In their modern print editions, the Old Tang History (945 CE) and New Tang History (1060 CE) comprise over 6,000 pages chronicling the politics, art, science, economics, and natural history of the Tang Dynasty (618-907). In the Spring 2018 semester, Professors Wen Xin and Anna M. Shields began designing the Tang History Database, an online, open-access edition of these monumental documents, and received their first CDH Dataset Curation Grant for 2018-2019. This summer, with the help of a second CDH Dataset Curation Grant, a team of five graduate students will finish verifying digital transcriptions of the text. The team will then begin name-tagging people listed in the Histories using the Chinese Biographical Database (CBDB) and geotagging locations with data from the Chinese Historical Geographic Information System (CHGIS) database. This work will create a richly interlinked text that will allow scholars to attend on the macro level to the patterns of difference between the two texts, and to traverse on the semantic level the links between people and places in Tang China.

Joshua Kotin, (Associate Professor, Department of English): The Shakespeare and Company Project

Professor Joshua Kotin and project manager Cate Mahoney (graduate student, English) will continue their work on the Shakespeare and Company Project, an interactive website exploring the lending library at the center of expatriate life in Paris from 1919 to 1941. In 2015, researchers from the English Department and designers and developers from the CDH began digitizing and transcribing the borrowing records of approximately 560 members for the whole span of the lending library’s existence. Altogether, this project will provide a portrait of how the library was used by some of the most important writers of the period, from Gertrude Stein to Jacques Lacan, from James Joyce to Simone de Beauvoir. The general public will be able to browse a catalog of the 9,000 books in circulation at Shakespeare and Company and researchers will be able to analyze a dataset of 22,000 discrete borrowing events. This year’s Dataset Curation Grant will cover final preparations of the data in preparation for a project website soft launch during the 2019-2020 academic year.

Angela N. H. Creager, (Thomas M. Siebel Professor in the History of Science, Department of History): The Making (and Unmaking) of Environmental Carcinogens, 1960–2000

By the late 1960s, scientists understood cancer as the product of genetic damage caused by environmental agents. As a result, the US government began regarding cancer from chemicals as a key public health problem. However, efforts to address cancer by regulating industrial chemicals decreased by the 1980s, as both scientific research and public policy shifted towards attributing human cancer to lifestyle (especially diet and smoking).
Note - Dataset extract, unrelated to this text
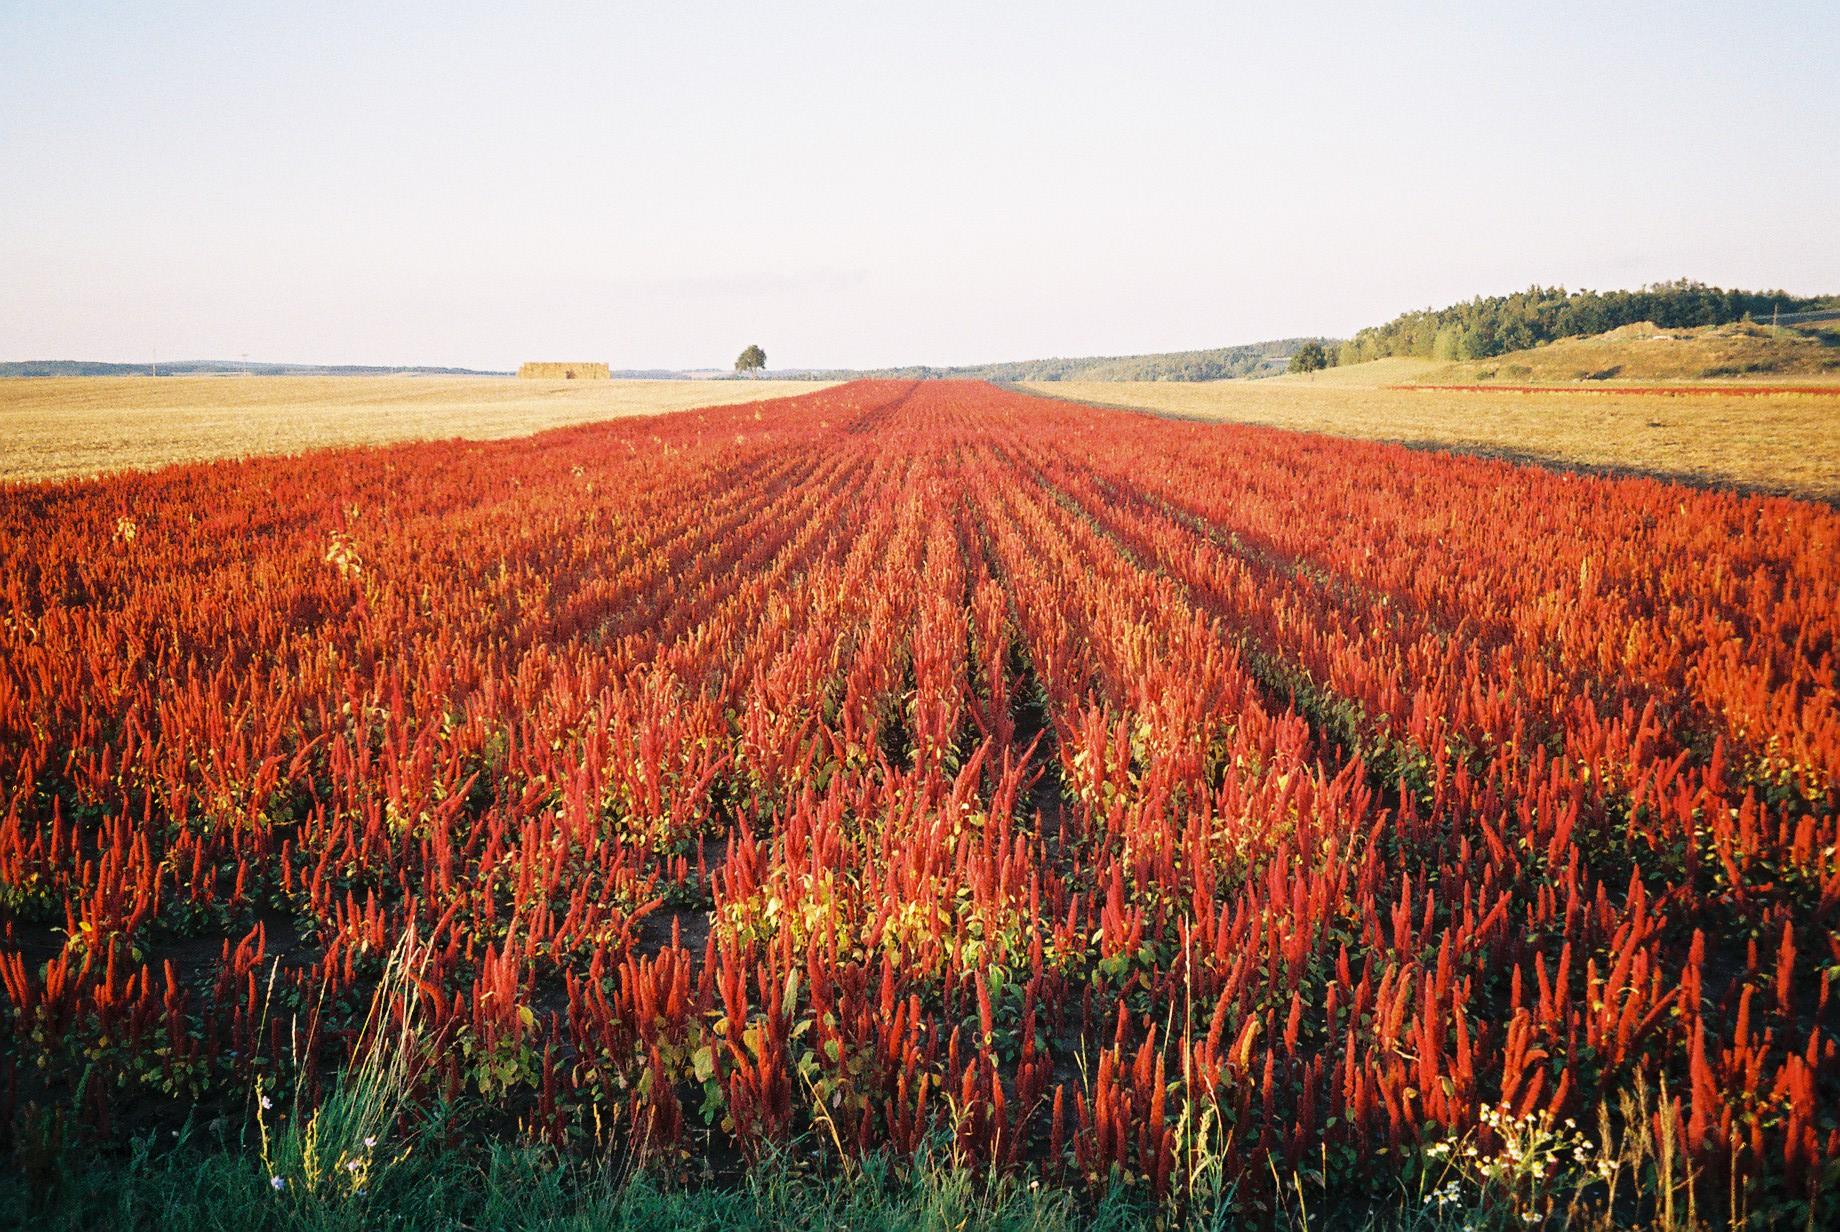 Quinoafeld bei Geras

Biochemist and historian of science Angela Creager is building a dataset that will explore how environmental carcinogens evolved as a category of science and regulation among academic scientists, industry leaders, politicians, government officials, and journalists. Working with a team of graduate and undergraduate students, Professor Creager will comb through online repositories containing newspapers, corporate documents, scientific research, and government whitepapers in order to track changes in cancer research, government policy, and public understanding. The resulting dataset will serve as an important resource for quantitative and qualitative analyses of our evolving notions of cancer.